A few days ago, I tried to log into my hotmail account and discovered my password had been changed. I changed it back and logged in to find that my "alternate email" had been changed to "[email protected]".
I then find out that my boyfriend's email password had also been changed, and logged into his to find his "alternate email" was also set as "[email protected]"..

I did the first logical thing which came to mind and put the email through the myspace and facebook search engines.

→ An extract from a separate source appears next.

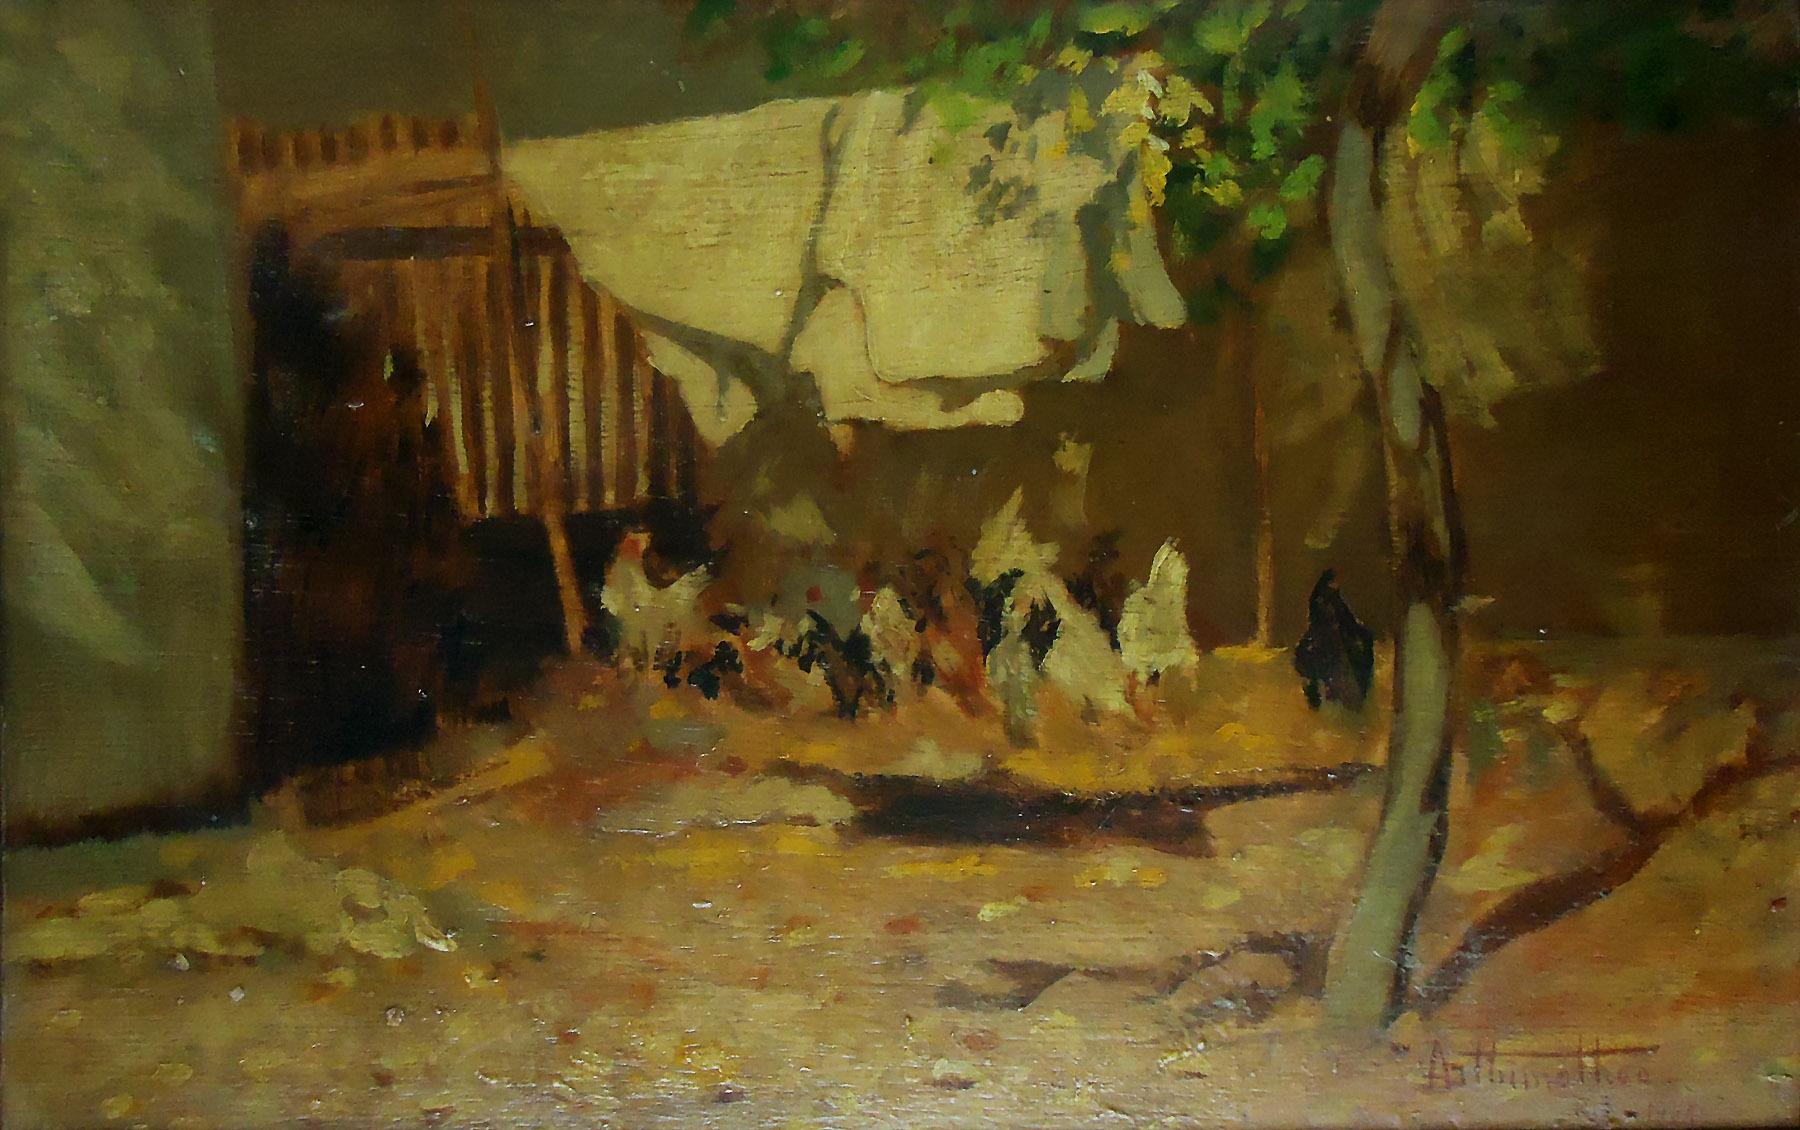 no varal óleo sobre madeira Rio de Janeiro 1921 22 x 35 cm Photo #664819 1800x1130

I found a profile under someone called "mat" on myspace and a profile under "sarah stewart" on facebook. (Both of these profiles have since mysteriously dissapeared)..

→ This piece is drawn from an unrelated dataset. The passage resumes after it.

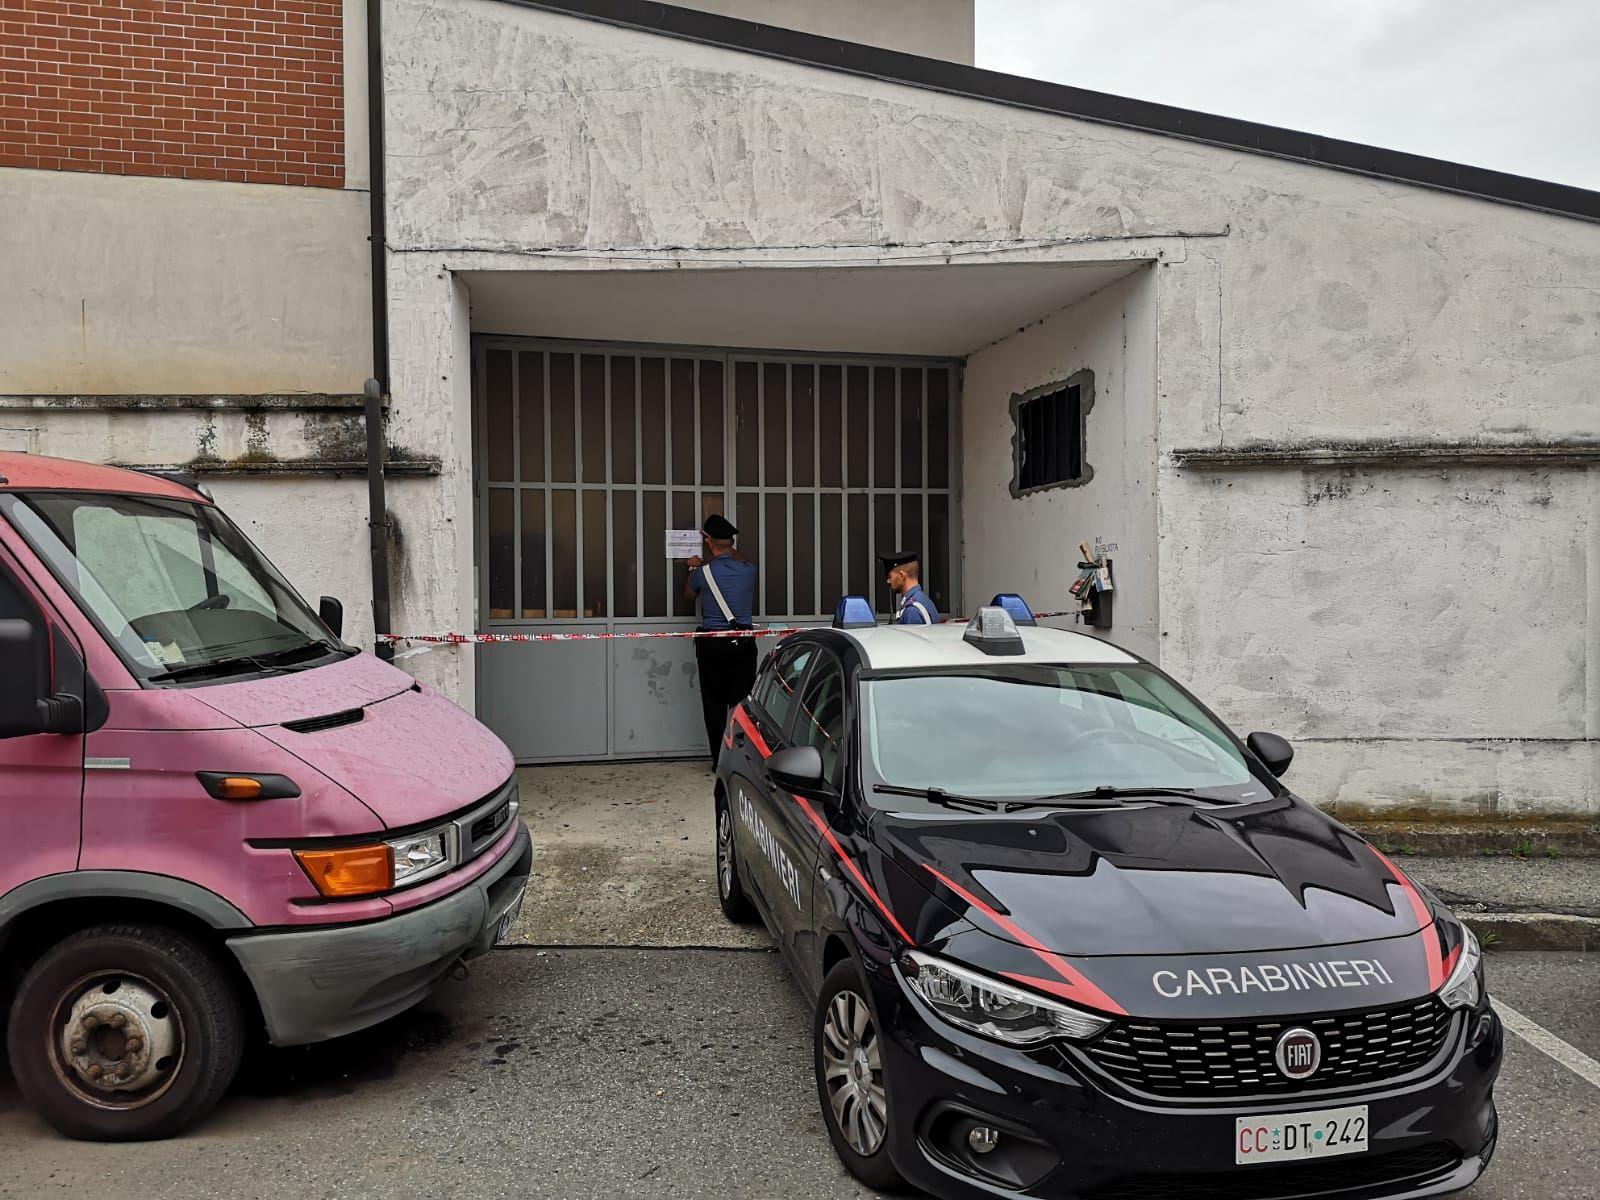 CIRIE' - Laboratorio clandestino realizzava vestiti sfruttando i dipendenti: titolare cinese arrestato dai carabinieri - FOTO E VIDEO

I looked at "sarah stewart's" facebook friends and she only had one friend: Autumn Loveday - who happens to be my good friend's old friend from sydney whom I have never met!!

Okay, if you understand any of this, please help me find out exactly who has been changing my passwords! It must stop!!


----------



## mcorton (Apr 16, 2009)

REPORT it to hotmail, Facebook, and whoever else may be effected. Also google the email addresses and names used. I'm not sure if they record IP adresses or not but you can go to http://www.dnsstuff.com and trace the ISP issuing the IP address. You may want to question your friend as to how they got your information. There may be an invasion of privacy suit involved. Anyway, I'd recommend changing all your passwords and get a program like winpatrol to guard them from being changed without your approval. I'll do some research and may private message you if it's ok.


----------